▶ ASSIGNMENT: Make an exact copy of the lines from the one containing "Cinq tudiants des" through the end of the records below, and leave out every picture.

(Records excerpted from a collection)
========

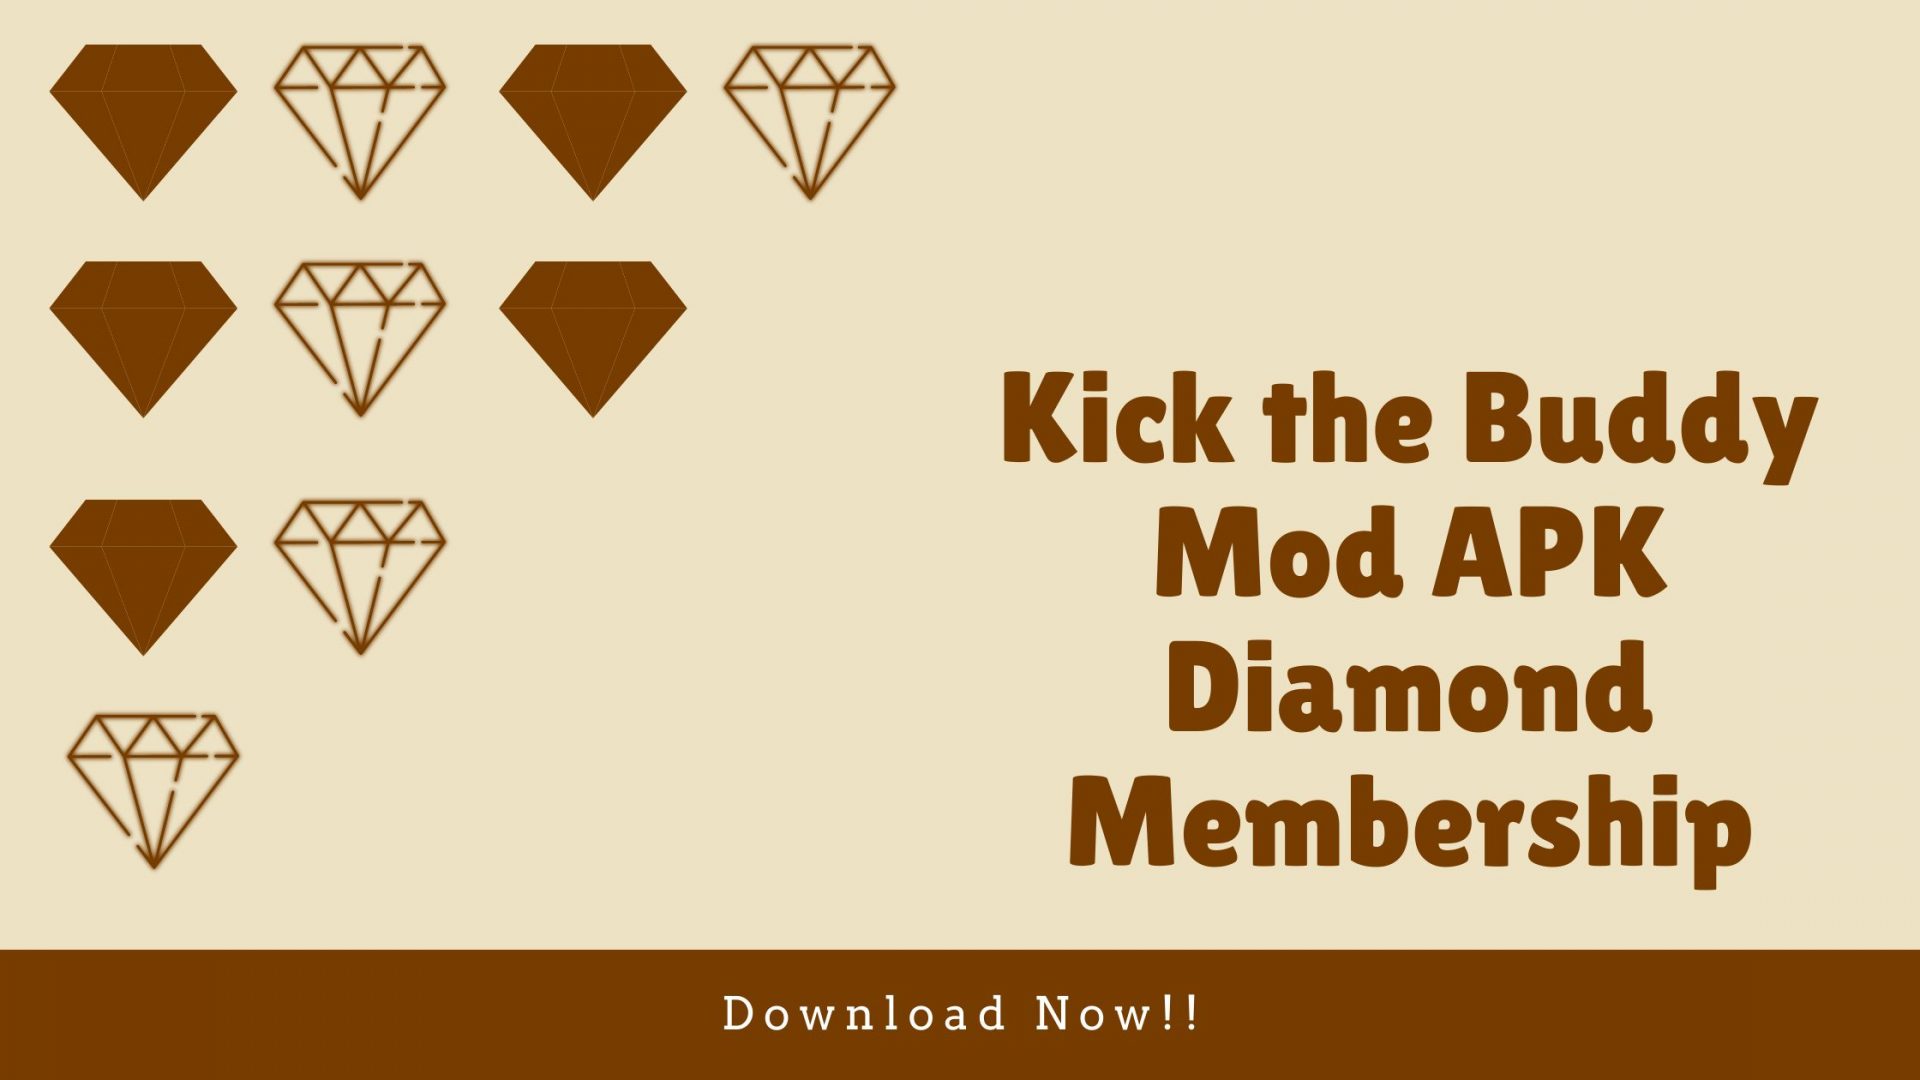 Kick The Buddy Mod Apk Diamond Membership
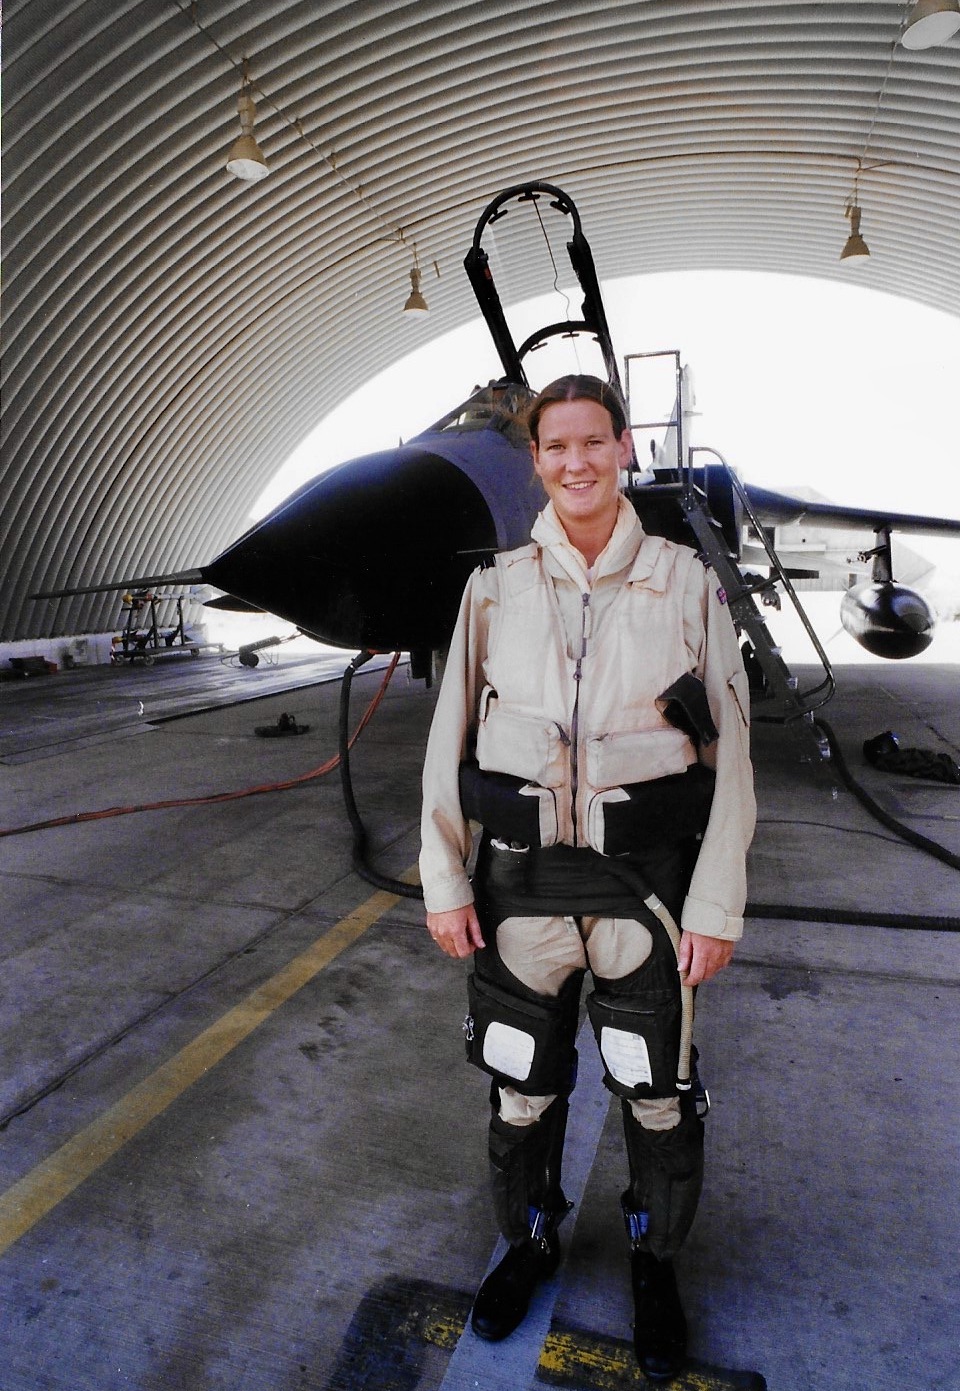 Pilot stands under hangar, before Tornado aircraft.
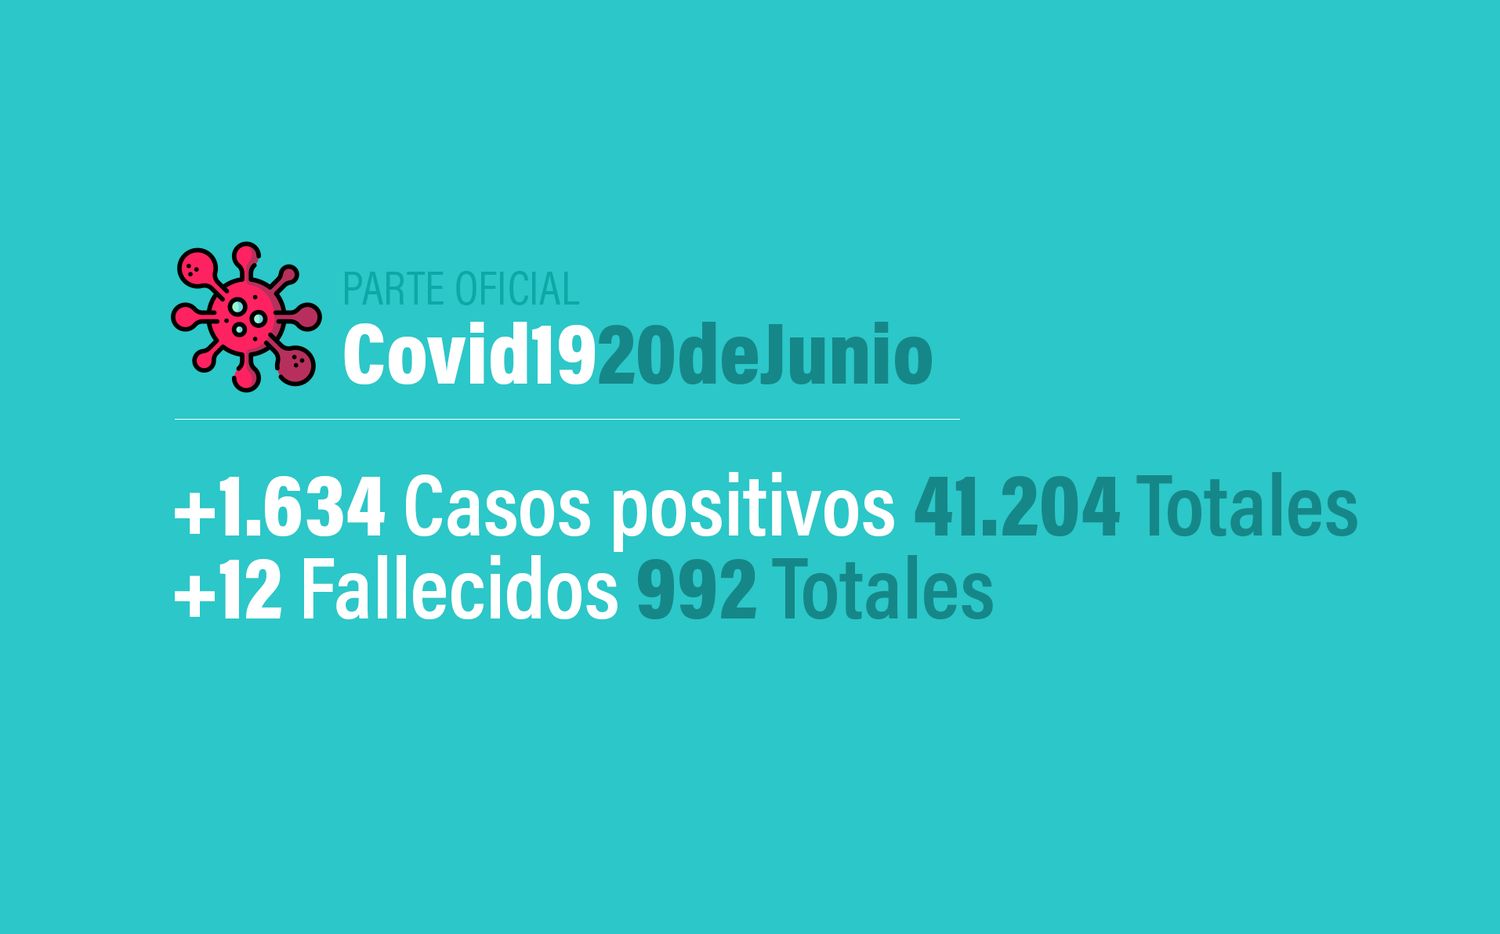 Coronavirus en Argentina: 1.634 nuevos casos, 41.204 confirmados y 992 muertes, al 20 de junio
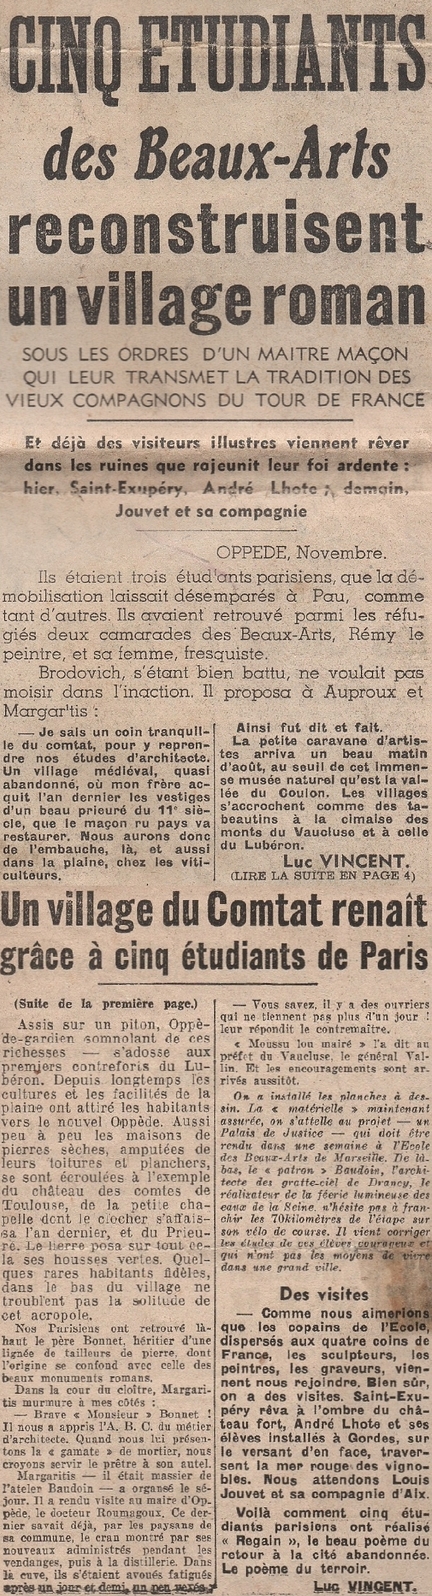 Cinq tudiants des Beaux-Arts reconstruisent un village roman - Paris-soir, 19 novembre 1940
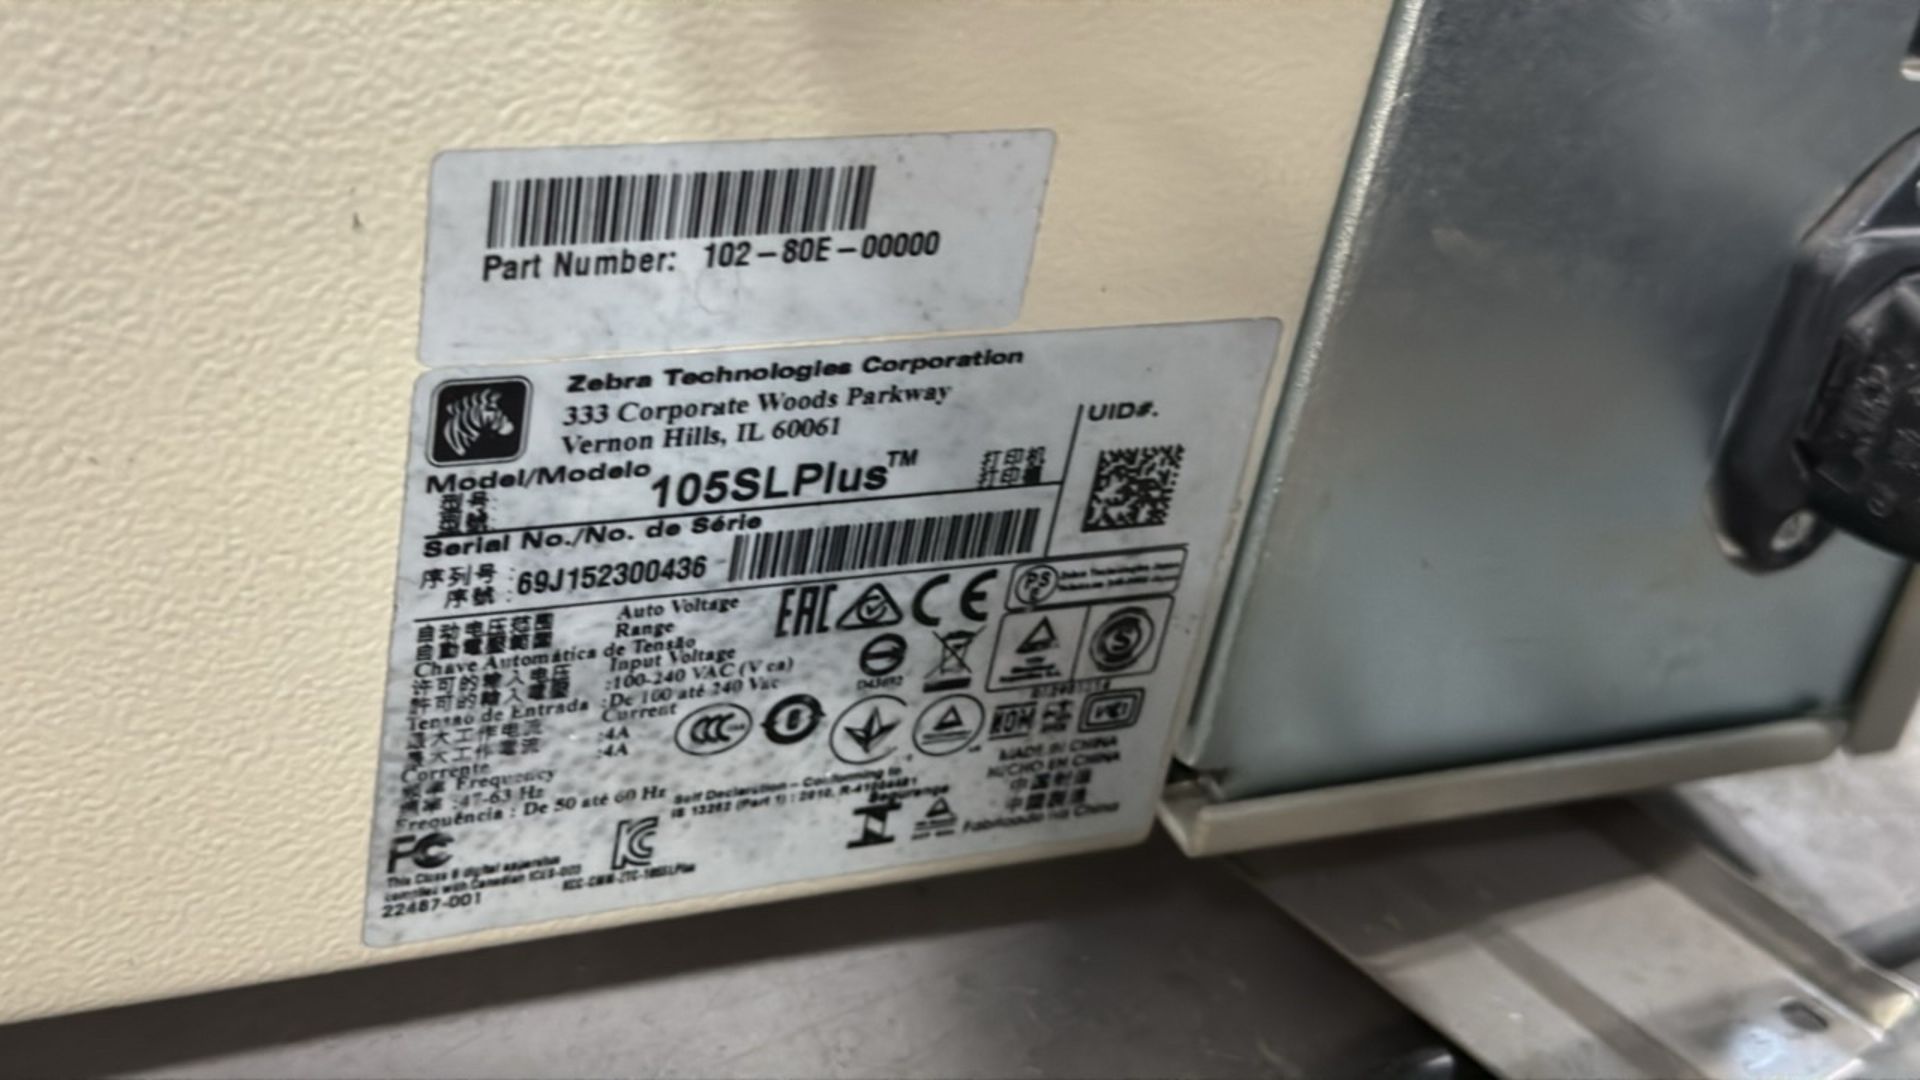 Zebra 105SL Plus Thermal Label Printer - Image 7 of 7

========

▶ RESULT:
 Cinq tudiants des Beaux-Arts reconstruisent un village roman - Paris-soir, 19 novembre 1940
 Zebra 105SL Plus Thermal Label Printer - Image 7 of 7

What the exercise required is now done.